After all, we now have a fairly extensive bibliography of FBI, CIA, and military efforts to spy on numerous movements favoring domestic social change. Why have no veterans of CHAOS or COINTELPRO (either victim or victimizer) spoken of helicopters? Obviously the choppers serve some other purpose beyond mere surveillance. One possibility might be the propagation of electromagnetic waves which might affect the perceptions/ behaviors of an implanted individual. (Indeed, I have heard rumors of helicopters being used in electronic “crowd control” operations in Vietnam and elsewhere; alas, the information is far from hard.)
Contactee Eldon Kerfoot has written of his suspicions that human manipulators, not aliens, may be the ultimate puppeteers engineering his experiences. He describes a sudden compulsion to kill a fellow veteran of the Korean conflict — a man Kerfoot had no logical reason to distrust or dislike, yet whom he “sensed” to have been a traitor to his country. Fortunately, the assassination never materialized.[200] But the situation exactly parallels incidents described in released ARTICHOKE documents concerning the remote hypnotic induction of anti-social behavior.
One last speculation:
Renato Vesco’s Intercept But Don’t Shoot [201] outlines a fascinating scenario for the “secret weapon” hypothesis of UFOs. Vesco points out that if these devices are one day to be used in a superpower conflict, the attacking power would be well-served by the myth of the UFO as an extra-terrestrial craft, for the besieged nation would not know the true nature of its opponent. Perhaps, then, one purpose of the UFO abductions is to engender and maintain the legend of the little grey aliens. For the hidden manipulators, the abductions could be, in and of themselves, a propaganda coup.
Final Thoughts
I do not insist dogmatically on the scenario that I have outlined.

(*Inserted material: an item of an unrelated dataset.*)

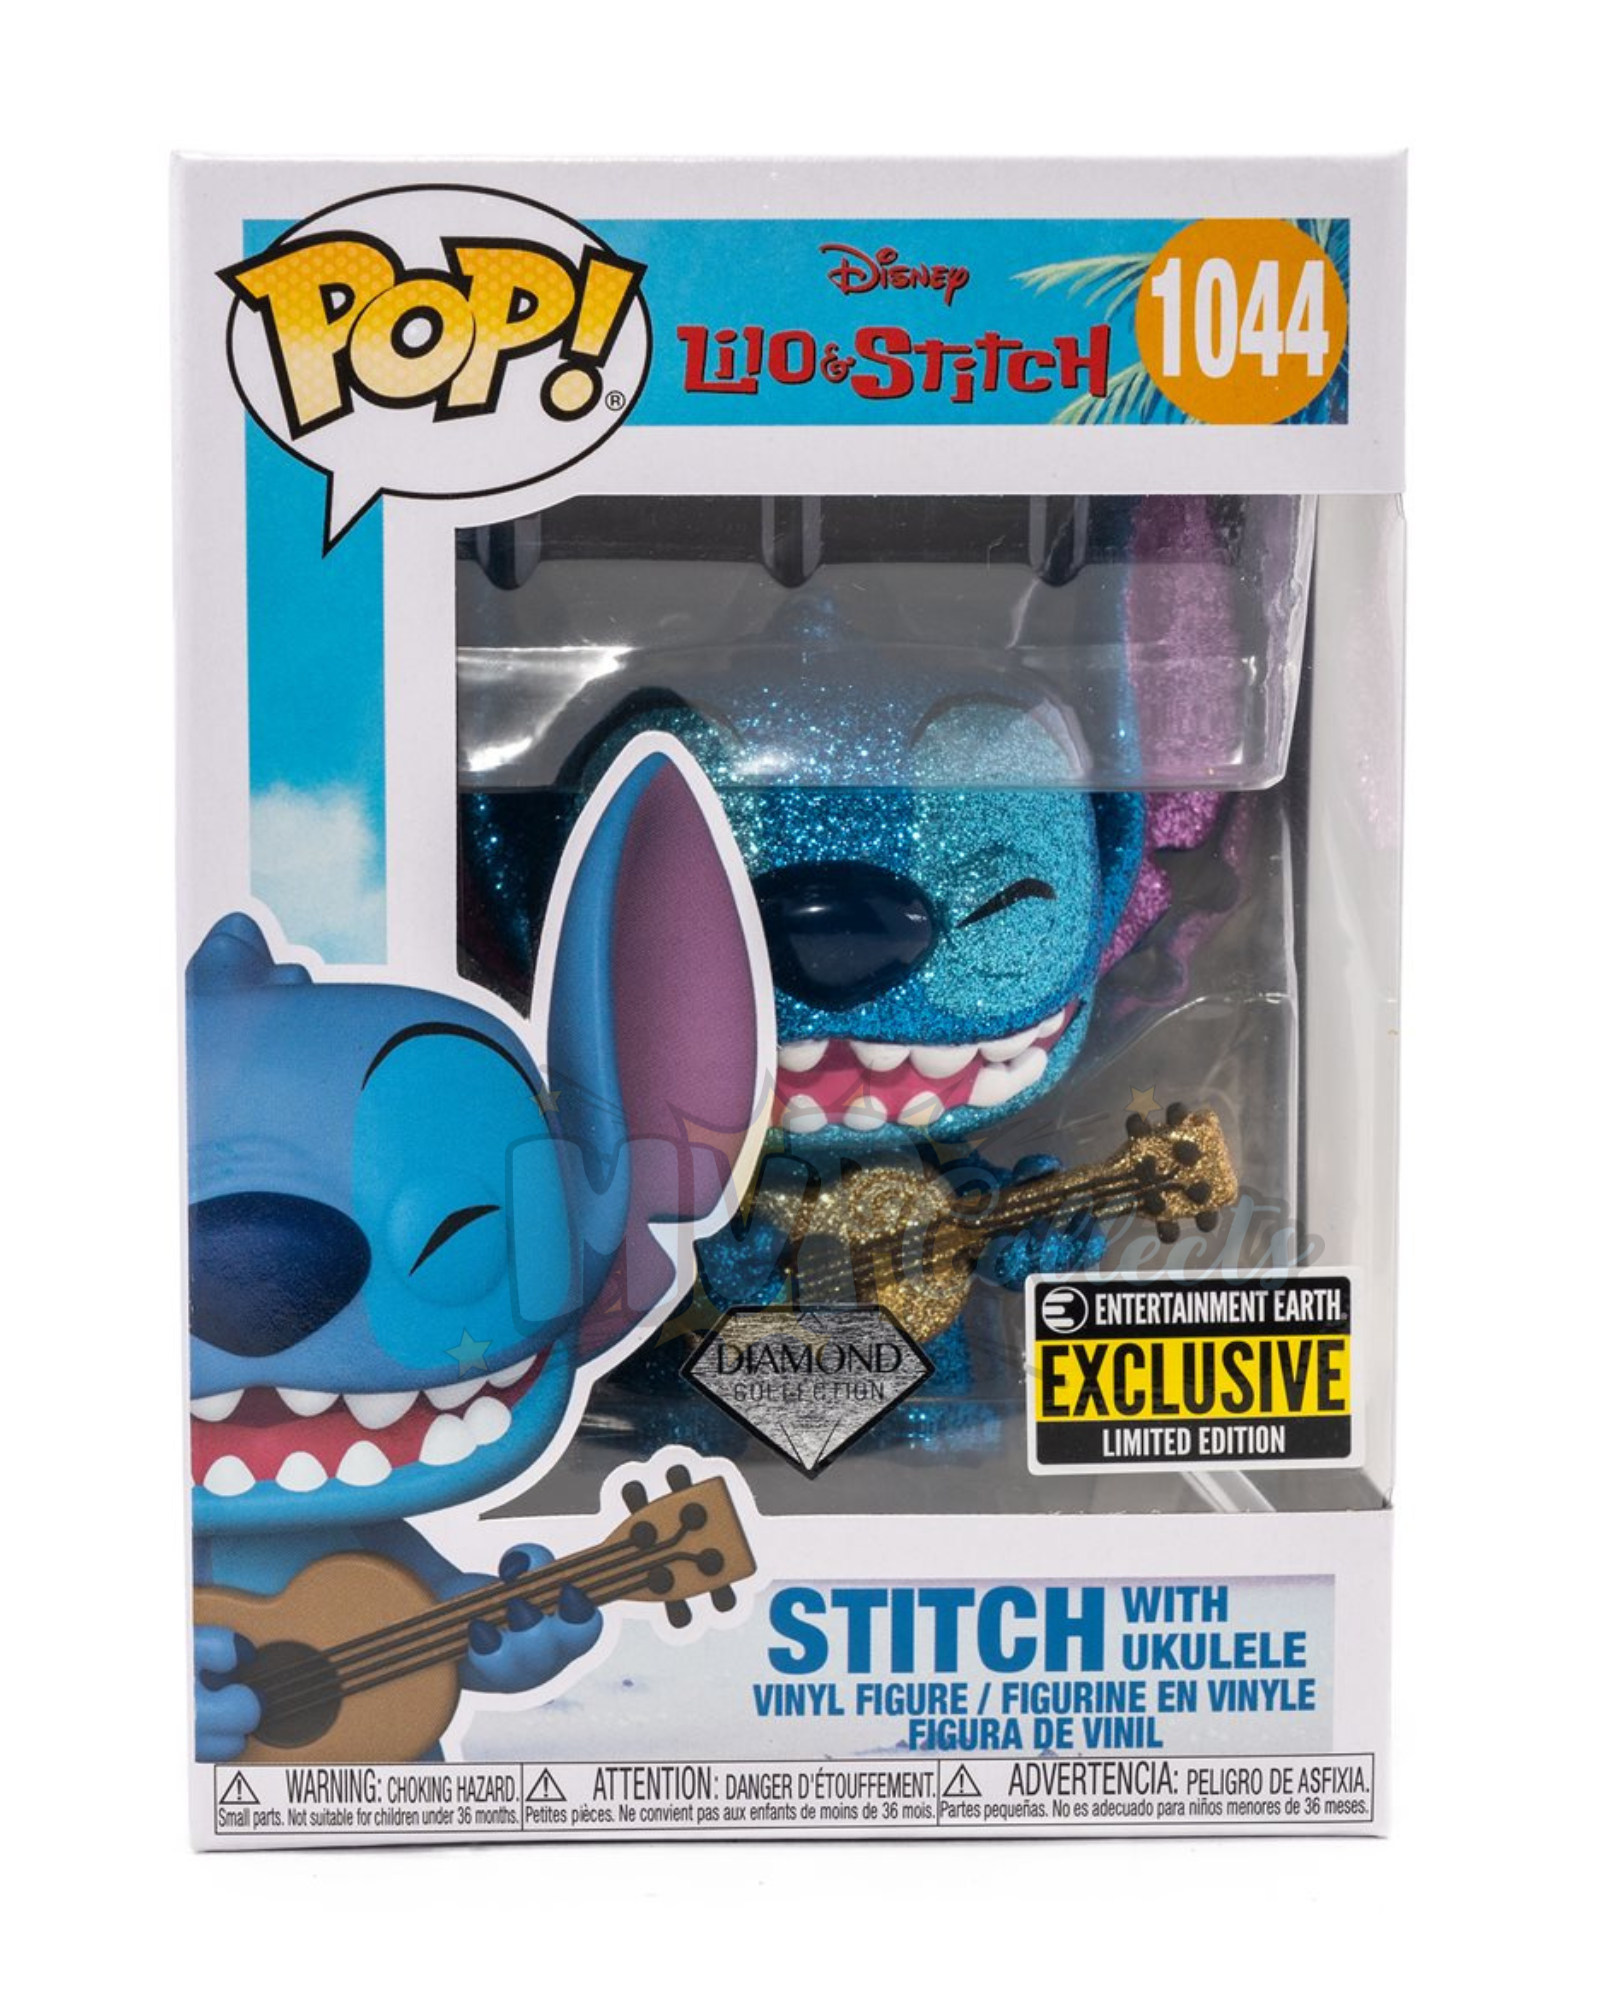 Stitch with Ukelele Diamond Funko POP! (Lilo & Stitch) #1044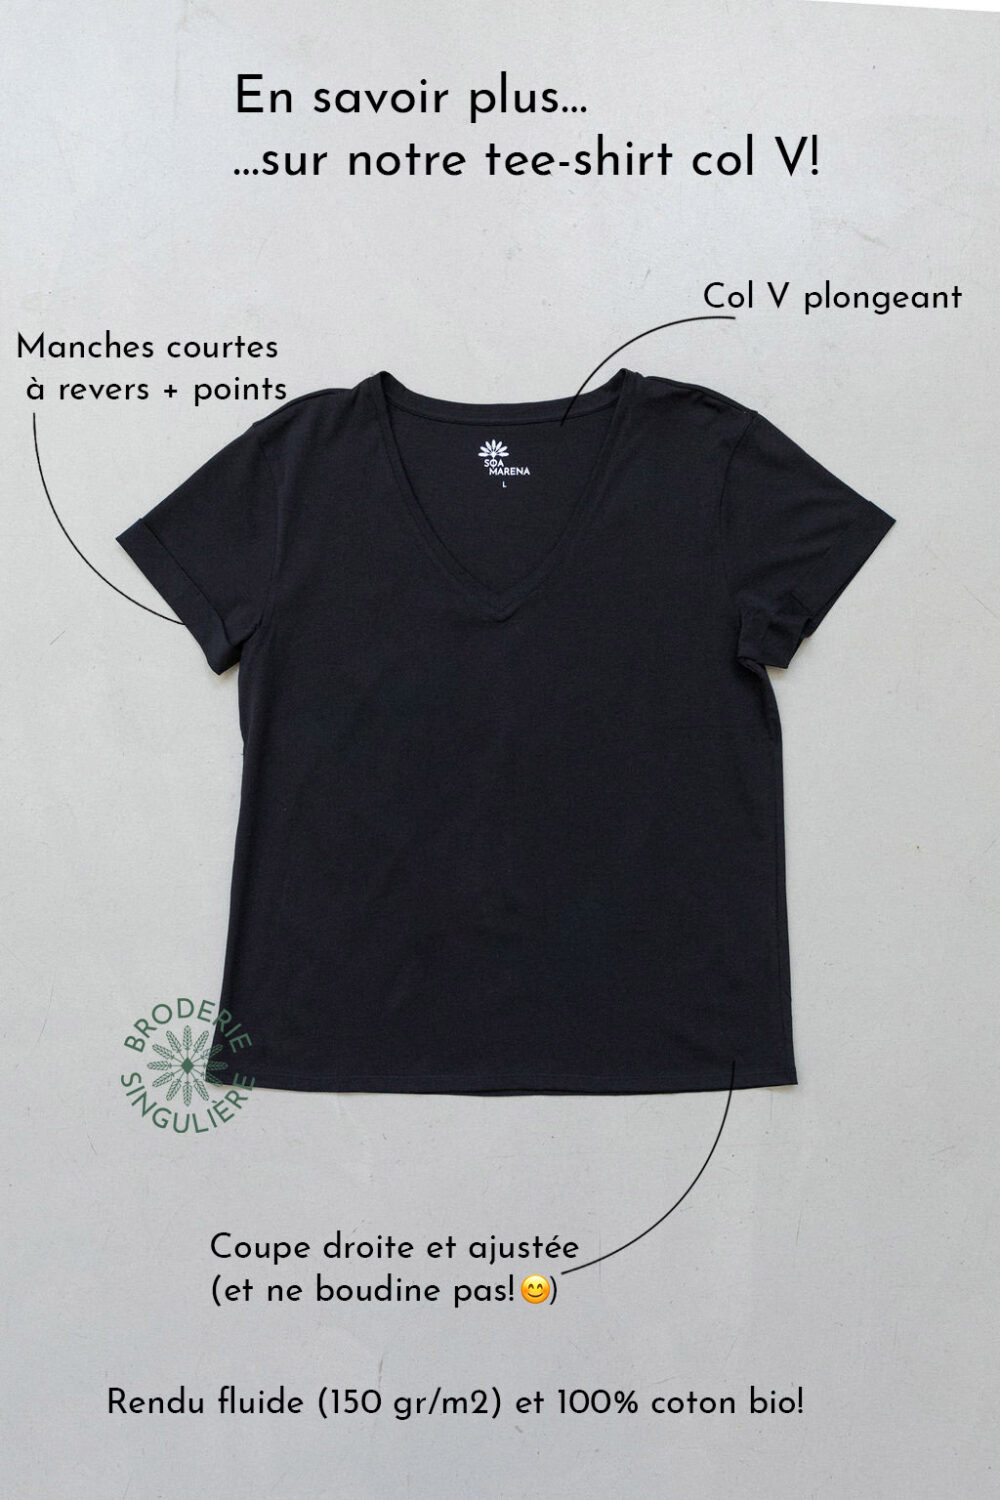 Descriptif tee-shirt noir col V 100% coton bio

I do not wish to dissuade abduction researchers from exploring other avenues — indeed, I strongly encourage such work to continue. Nor can I easily account for some aspects of the abduction narratives — for example, any suggestions I could offer concerning the reports of genetic experimentation would be extremely speculative.
But I do insist on a fair hearing of this hypothesis. Criticism is encouraged; that which does not destroy my thesis will make it stronger. I ask only that my critics refrain from intellectual laziness; mere differences in world-view do not constitute a valid attack. God is found in the details.
I recognize the dangers inherent in making this thesis public. New and distressing abductee confabulations may result. I would prefer that the audience for this paper be restricted to abduction researchers, not victims, who might be unduly influenced. However, in a society that prides itself on its ostensibly free press, such restrictions are unthinkable. Therefore, I can only beg any abduction victims who might read this paper to attempt a superhuman objectivity. The thesis I have outlined is promising, and (should trepanation ever provide us with an example of an actual abductee implant) susceptible of proof. But mine is not the only hypothesis. The abductee’s unrewarding task is to report what he or she has experienced as truthfully as possible, untainted by outside speculation.
Whether or not future investigation proves UFO abductions to be a product of mind control experimentation, I feel that this paper has, at least, provided evidence of a serious danger facing those who hold fast to the ideals of individual freedom. We cannot long ignore this menace.
A spectre haunts the democratic nations — the spectre of technofascism. All the powers of the espionage empire and the scientific establishment have entered into an unholy alliance to evoke this spectre: Psychiatrist and spy, Dulles and Delgado, microwave specialists and clandestine operators.
A mind is a terrible thing to waste — and a worse thing to commandeer.